Recently, I had the fortune (or misfortune depending on how you look at it) of rewatching Christopher Nolan’s 2020 sci-fi heist.. thriller? film starring John David Washington and Robert Pattinson1 amongst others.
If you haven’t watched Tenet yet, I’m not sure I’d recommend it. It’s one of those films that seems to get more confusing the more you watch it. Any payoff gained from finally ‘understanding’ something is usually small and most revelatory moments are structural rather than thematic - think “Christ, I guess that makes a bit of sense now (fistful of anger)?” rather than “Oh damn! It was him all along!”.
Anyway, in Tenet a central concept is that of inversion: the ability to ‘invert’ yourself or other objects so that they travel in the opposite direction of time. From the object’s perspective, everything goes backwards and from the perspective of an external subject, the object appears to travel backwards.
Confused yet? Unhelpfully there are (many) diagrams online that try to explain this concept but which also end up making everything 100x more confusing,
Sidenote: I don’t think inversion can be explained well with a static picture like this - you need to animate it to make the concept more understandable.

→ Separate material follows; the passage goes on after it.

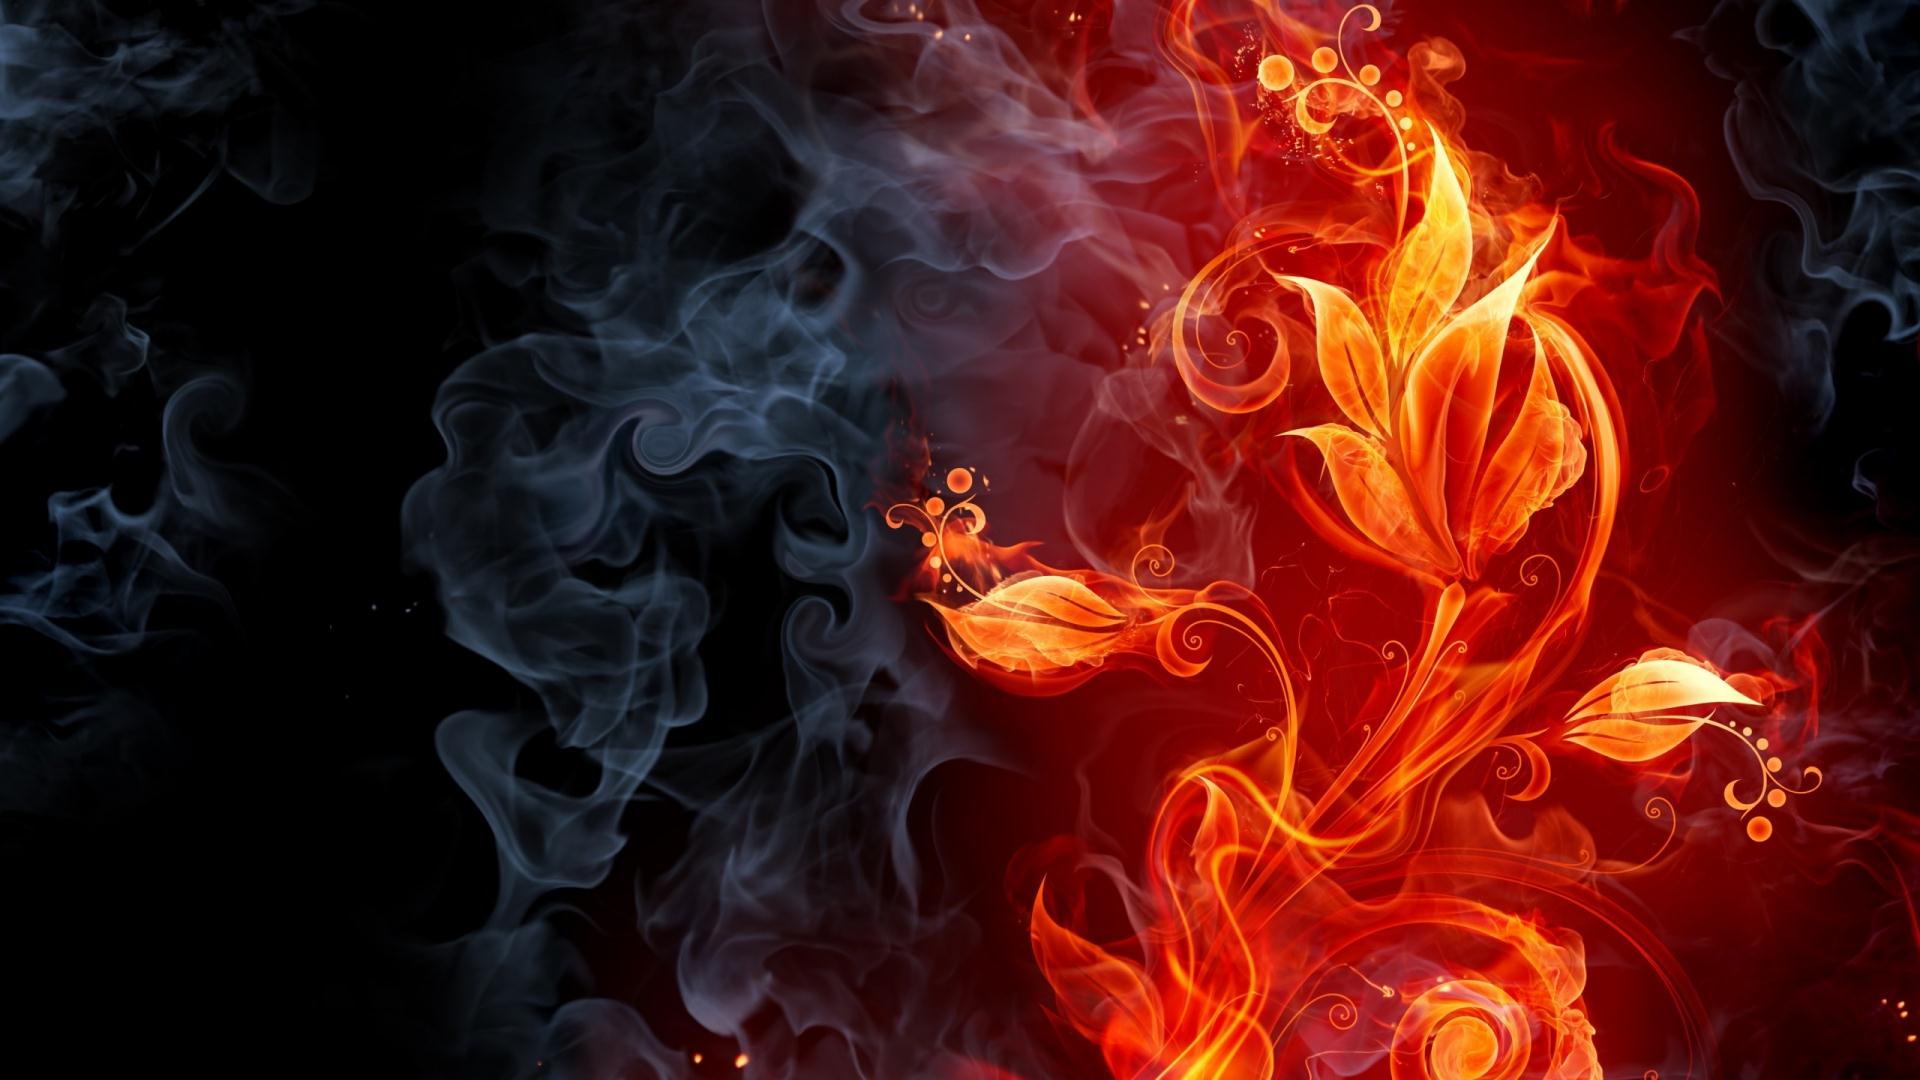 Fire Wallpapers For Free Download Wallpaper Wallpaperyup.com

Anyway, I’m not here to talk about Tenet per se, but what this convoluted, almost paradoxical concept reminds me of is badly written SQL.
SQL itself is a bit weird
To start off with, the basic structure of a SQL query is itself slightly cyclical,
SELECT
x,
y
FROM table t
WHERE t.x < 1
AND t.y > 10
Whilst the query starts with SELECT
this is not the order in which the statements are executed. In fact, we start with FROM
(where are we sourcing our data from?), followed by the WHERE
clause (what filtering conditions do we impose on our source?) and only then do we ‘cycle back up’ to the SELECT
clause.
It’s a weird concept to get used to at first and it often gets more complicated. Julia Evans talks about this in her excellent book on learning SQL. Here is how she conceptualises a SELECT
query (folks, you really should invest in her book by the way),
Death by subqueries
Back to Tenet: every time a character inverts the timeline in Tenet, a new ‘copy’ of the original person is made and now coexists with its past self at the same time.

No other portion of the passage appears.